Patient4D: Temporally Consistent Patient Body Mesh Recovery from Monocular Operating Room Video
Mingxiao Tu, Hoijoon Jung, Alireza Moghadam, Andre Kyme, Jinman Kim

TL;DR
Patient4D introduces a novel pipeline that leverages stationarity priors and geometric constraints to improve 3D patient body mesh recovery from monocular surgical videos, addressing occlusion and camera movement challenges.
Contribution
The paper presents Patient4D, a new method combining perception models with geometric mechanisms to enhance temporal consistency and robustness in monocular 3D mesh recovery during surgery.
Findings
Achieves 0.75 mean IoU under occlusion, significantly reducing failure frames.

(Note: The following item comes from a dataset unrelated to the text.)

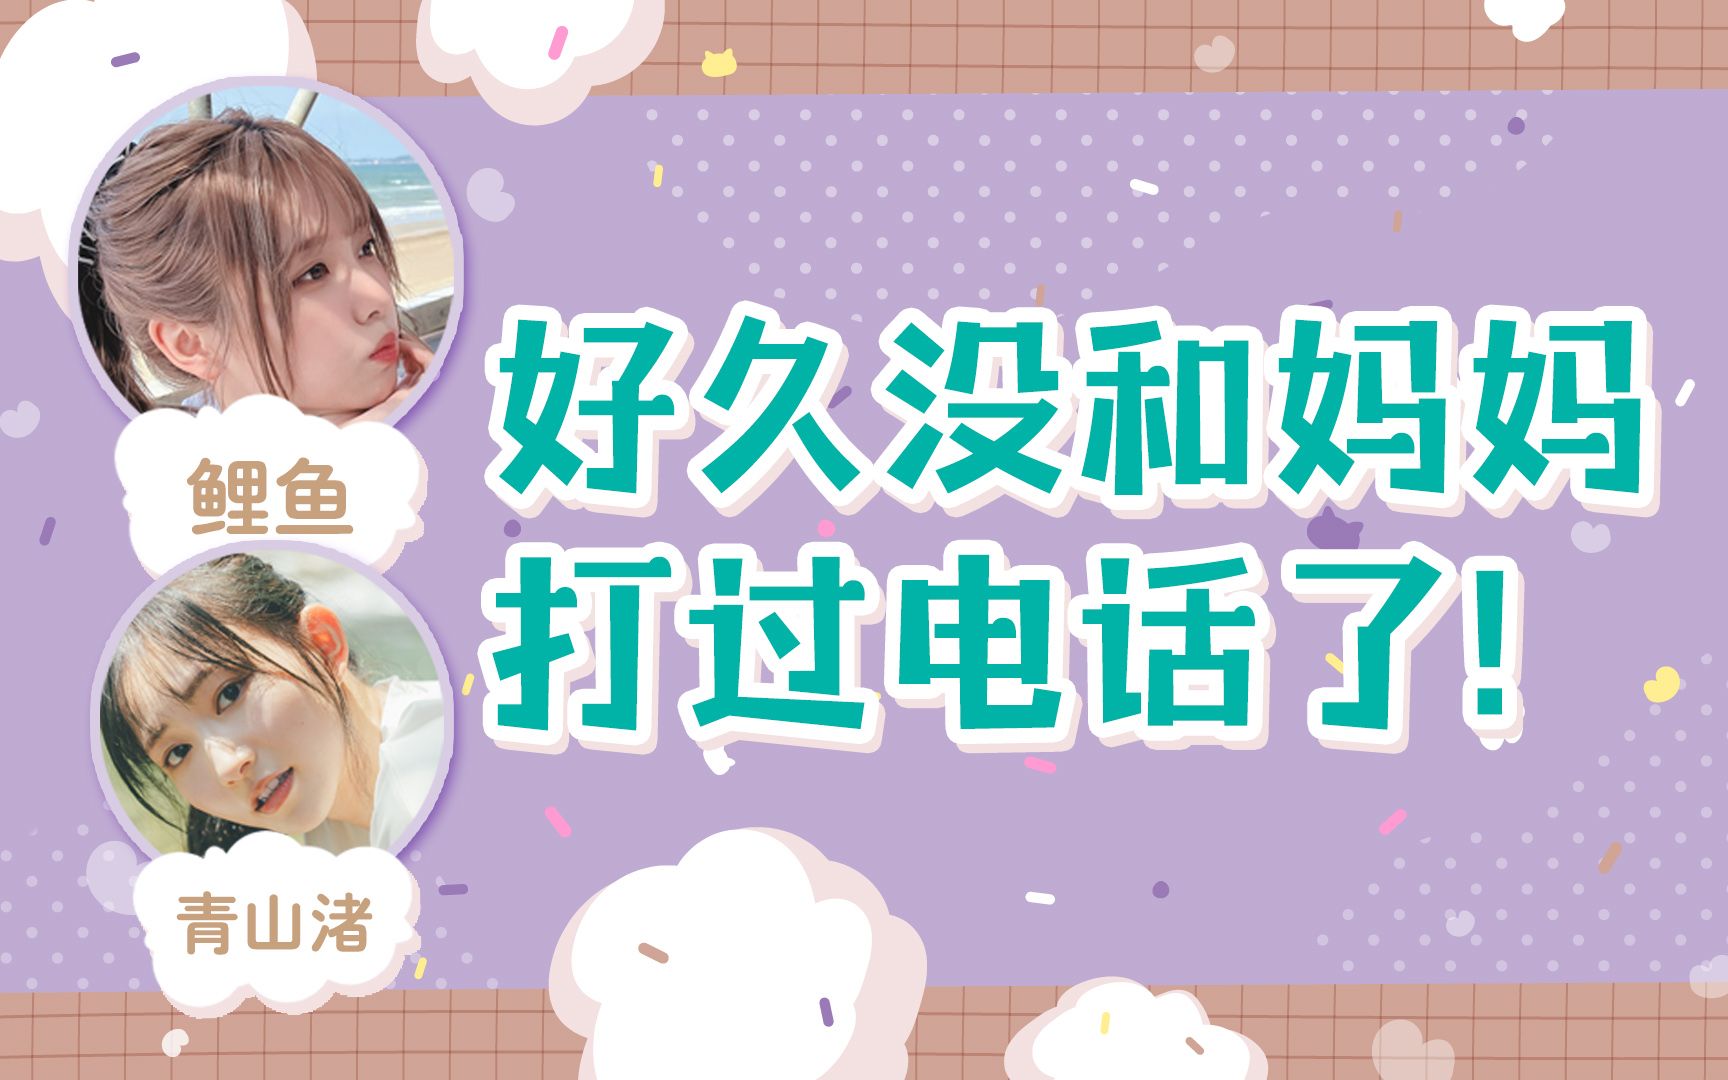 【Liyuu】好久没和妈妈打电话的鲤鱼姐 & 水渚鱼相约开饺子Party
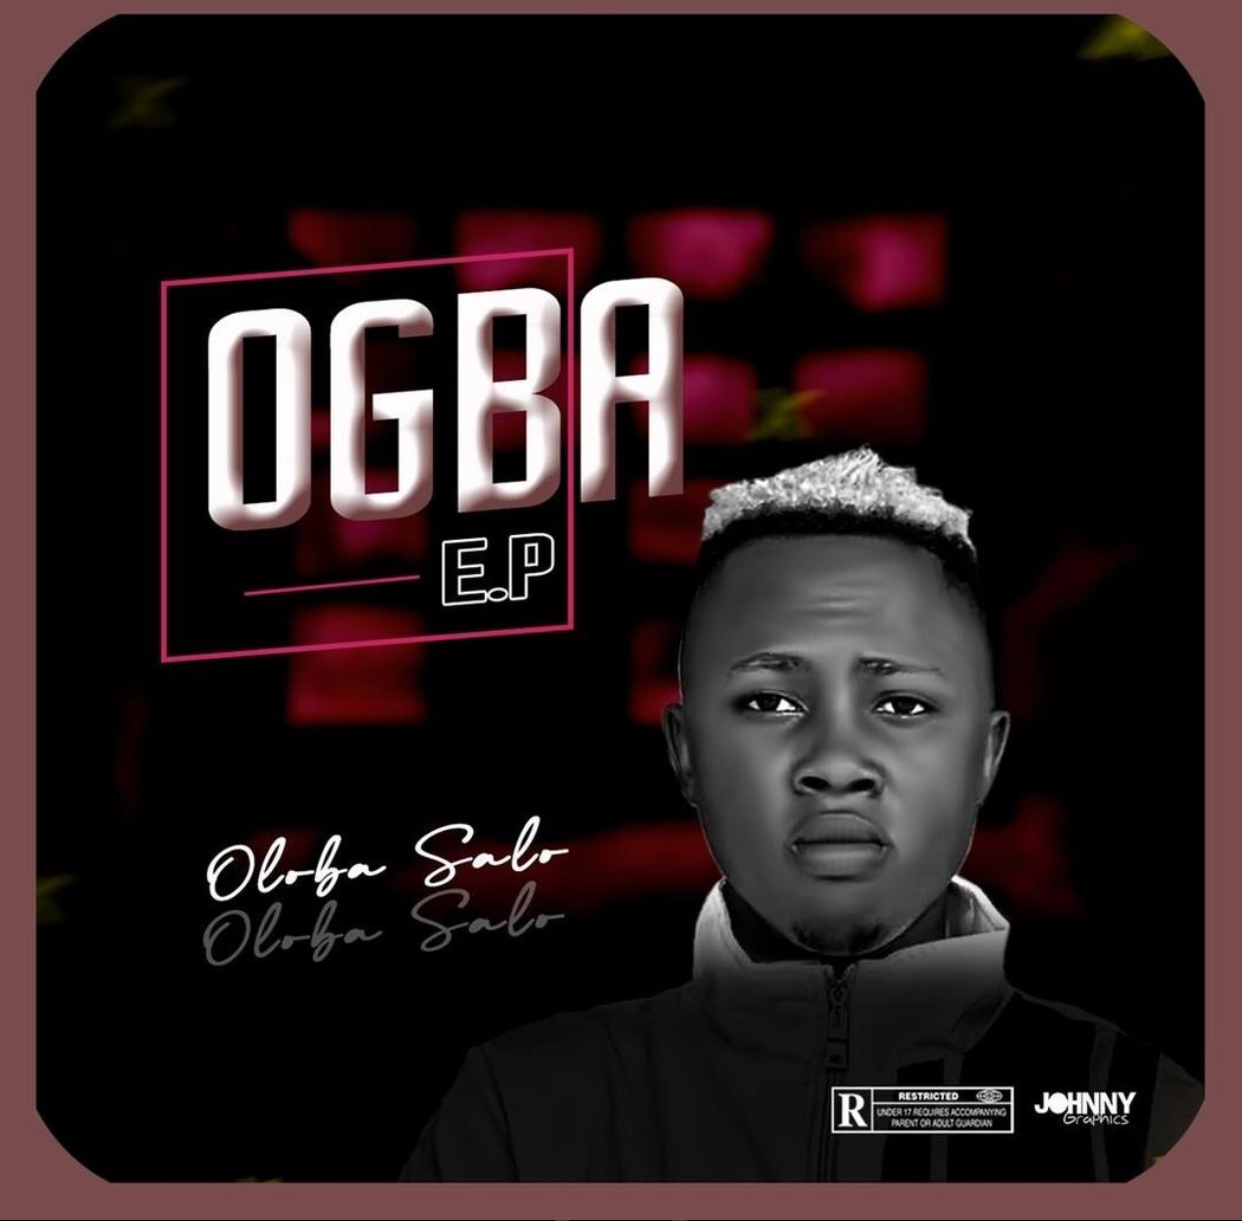 Oloba Salo - Hustle (Ogba EP)

Outperforms existing methods on synthetic and public benchmarks.
Demonstrates effectiveness of stationarity priors in clinical AR scenarios.
Abstract
Recovering a dense 3D body mesh from monocular video remains challenging under occlusion from draping and continuously moving camera viewpoints. This configuration arises in surgical augmented reality (AR), where an anesthetized patient lies under surgical draping while a surgeon's head-mounted camera continuously changes viewpoint. Existing human mesh recovery (HMR) methods are typically trained on upright, moving subjects captured from relatively stable cameras, leading to performance degradation under such conditions. To address this, we present Patient4D, a stationarity-constrained reconstruction pipeline that explicitly exploits the stationarity prior. The pipeline combines image-level foundation models for perception with lightweight geometric mechanisms that enforce temporal consistency across frames. Two key components enable robust reconstruction: Pose Locking, which anchors…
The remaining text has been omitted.